The transmitting array of M sensors is considered. The transmitting frequency is set from f1 to fJ. δ is set from δ1 to δA (−δmin to +δmax). In the first iteration, ρ m 1 is set to a matrix of all ones, and CVX [33] is employed to solve the PCO problem of Equation (21) to obtain △x1 and w m 1 , which makes the BPOT satisfy the constraints over the entire frequency range, as well as the near-field and far-field conditions. ϵ is determined to be slightly less than the minimum value of w m 1 . In the following iterations, the PCO problem is solved to obtain △xi and w m i and iterated until the number of active sensors remains unchanged for five iterations. At this point, the iterations are concluded, and the positions and weight values of the sparse transmitting array are considered optimal. Next, Equation (15) is applied to optimize the BP performance under different conditions.
The receiving array of N sensors is synthesized in the same way as the transmitting array. Since the PCO method is deterministic optimization, the results of the sparse receiving array are the same as those of the transmitting array when M = N at the same conditions.

3. Results

3.1. Sparse Cross Array Synthesis

A cross array with 100 + 100 sensors is employed, and a sparse cross array is synthesized using the proposed methods. We compare the sparse array result with those in [14] and [31]. The transmitting frequency ranges from 205 to 300 kHz, with frequency steps of 5 kHz. The sensor spacing is λmin/2 = 2.5 mm at 300 kHz. The critical distance between the near-field and far-field is D2/λmin = 12.5m. The near-field is divided into three sections: 2–3 m, 3–5.5 m, and 5.5–12.5 m. The focal points are at 2.4 m, 4 m, and 9 m, respectively.
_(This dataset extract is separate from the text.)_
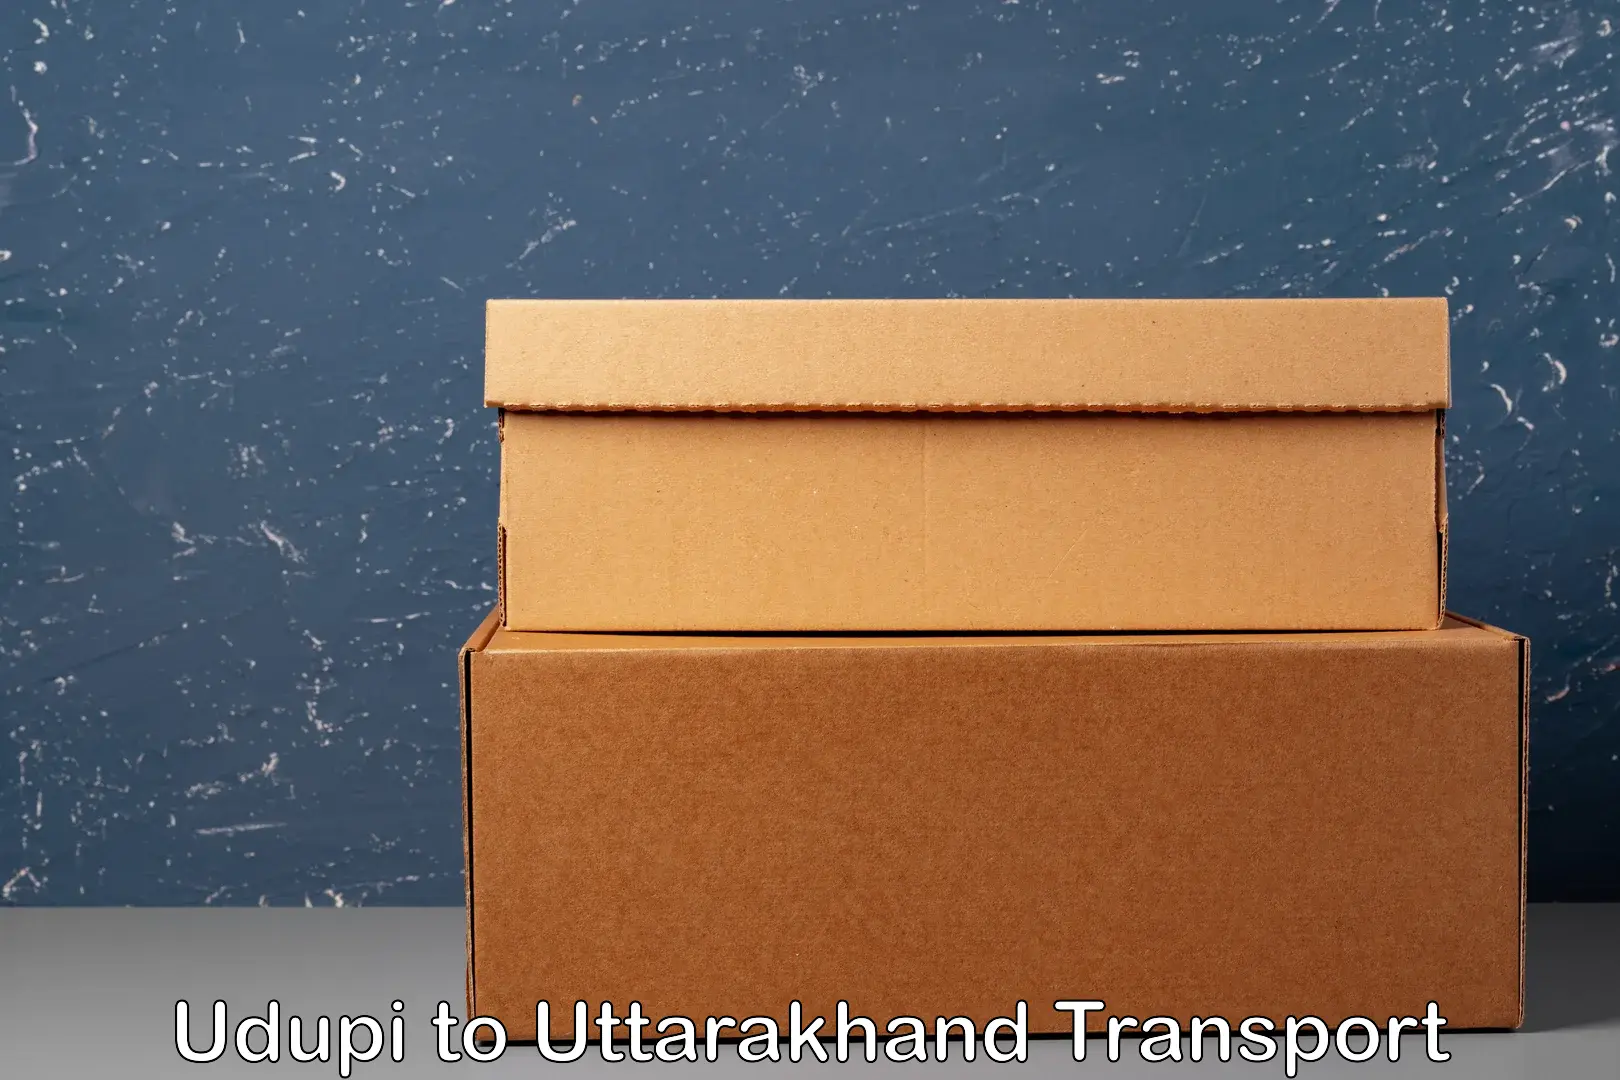 Lorry transport service Udupi to Uttarakhand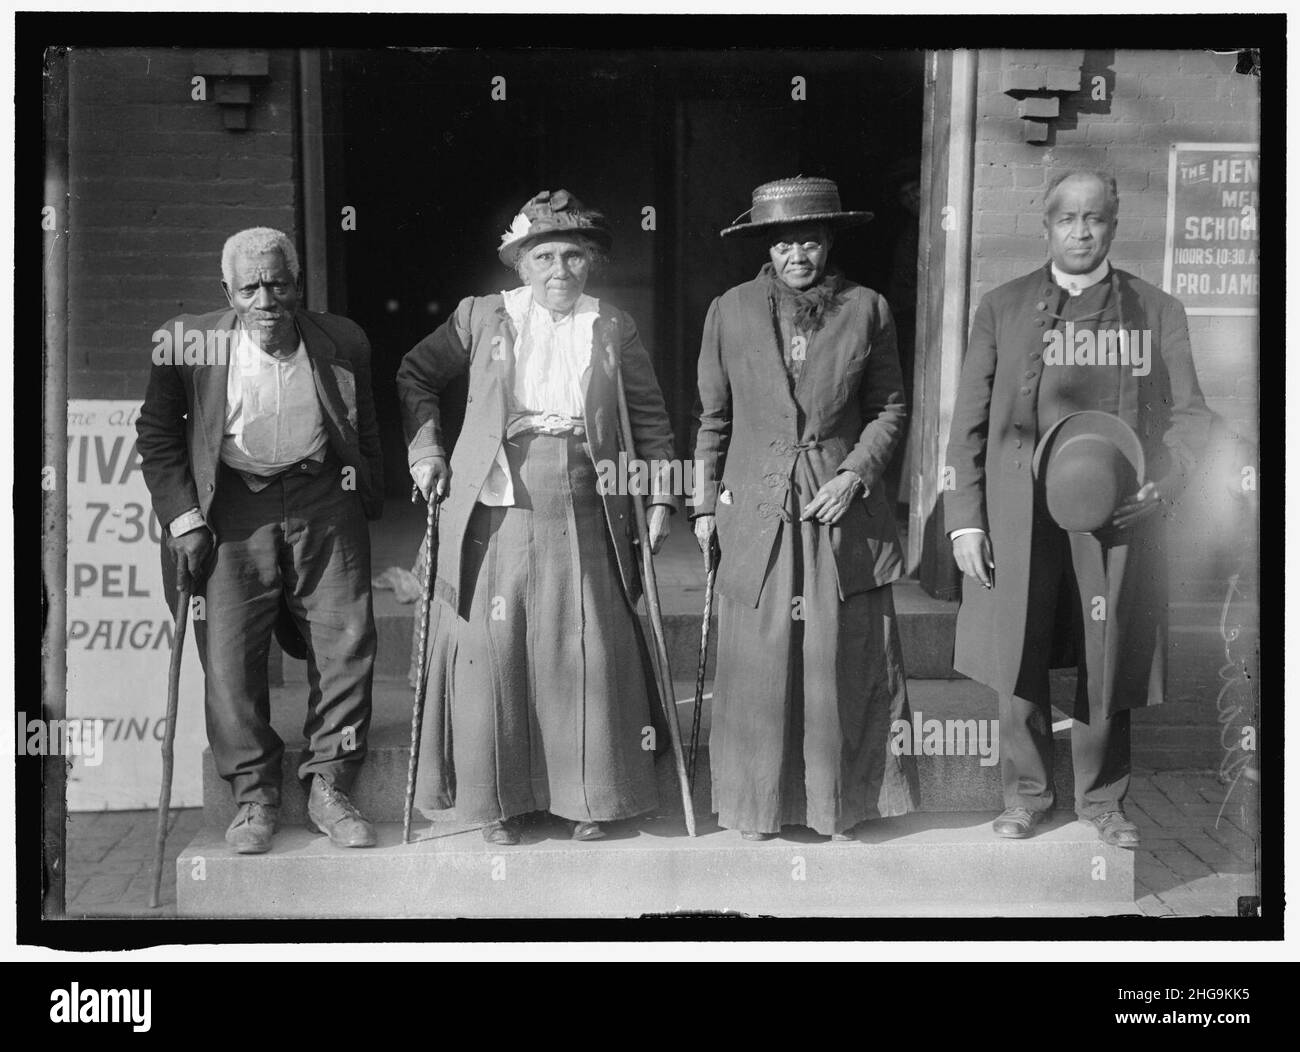 SLAVE REUNION. LEWIS MARTIN, 100 ANNI; MARTHA ELIZABETH BANKS, 104 ANNI; AMY WARE, ETÀ 103; REV. S.P. DISEGNATO, NATO LIBERO Foto Stock

Therefore, δ is within the range of –0.083 to 0.083, which satisfies Equation (6) (2λmin/D2 = 0.16). The ( u ,   v ) space is set within (−1 to 1, −1 to 1) which is divided equally into 400 × 400 beams. The SLP is set to –23 dB. The main lobe in (u, v) is restricted to within 0.022 at 300 kHz. The optional positions are expanded into 500 + 500 with sensor spacing of λmin/10. The parameter ϵ is set to 0.004.
Through the proposed method, a sparse cross array with 45 + 45 sensors was achieved. The BP satisfies the constraints well in both the near-field and the far-field. The experimental codes and results are attached in supplementary materials. Table 1 provides a comparison of the sparse array results between the proposed method and those proposed in [14,31].
Compared with the existing sparse cross array synthesis methods, the proposed method obtains a smaller number of active sensors and achieves better BP performance. Moreover, the sparse cross array syntheses in [14,31] are based on the simulated annealing (SA) algorithm and thus produce a different result each time they are executed. In these methods, the number of iterations required to obtain an optimal solution is large and unpredictable. The method proposed in this paper is not stochastic in nature and thus does not suffer from these shortcomings.
The BPs of the sparse cross array under different conditions are shown in Figure 7. In Figure 7a, δ is 0 and the transmitting frequency is 300 kHz; in Figure 7b, δ is 0.083 and the transmitting frequency is 300 kHz; in Figure 7c, δ is 0 and the transmitting frequency is 205 kHz; and in Figure 7d, δ is 0.083 and the transmitting frequency is 205 kHz.
The transmitting BPs under different conditions are shown in Figure 8. In Figure 8a, δ is 0 and the transmitting frequency is 300 kHz; the SLP is −23.67 dB and the MLW is 1.22°. In Figure 8b, δ is 0.083 and the transmitting frequency is 300 kHz; the SLP is −23.67 dB and the MLW is 1.22°. In Figure 8c, δ is 0 and the transmitting frequency is 205 kHz; the SLP is −23.82 dB and the MLW is 1.75°. In Figure 8d, δ is 0.083 and the transmitting frequency is 205 kHz; the SLP is −23.82 dB and the MLW is 1.75°. The experiment shows that in the same cross array, the SLP and MLW are related to the transmitting frequency, but not to δ.
The positions and weight values of the optimized active sensors at 300 kHz in the far-field are shown in Figure 9 and Table A1 in Appendix A; the minimum spacing between sensors is 0.889λmin at 300 kHz; the array aperture of the proposed method is 249.42 mm (49.88λ at 300 kHz), which is slightly larger than those of the methods in [14,31]. Therefore, the proposed method obtains higher angular resolution. The number of active sensors in the transmitting array versus the number of iterations is shown in Figure 10.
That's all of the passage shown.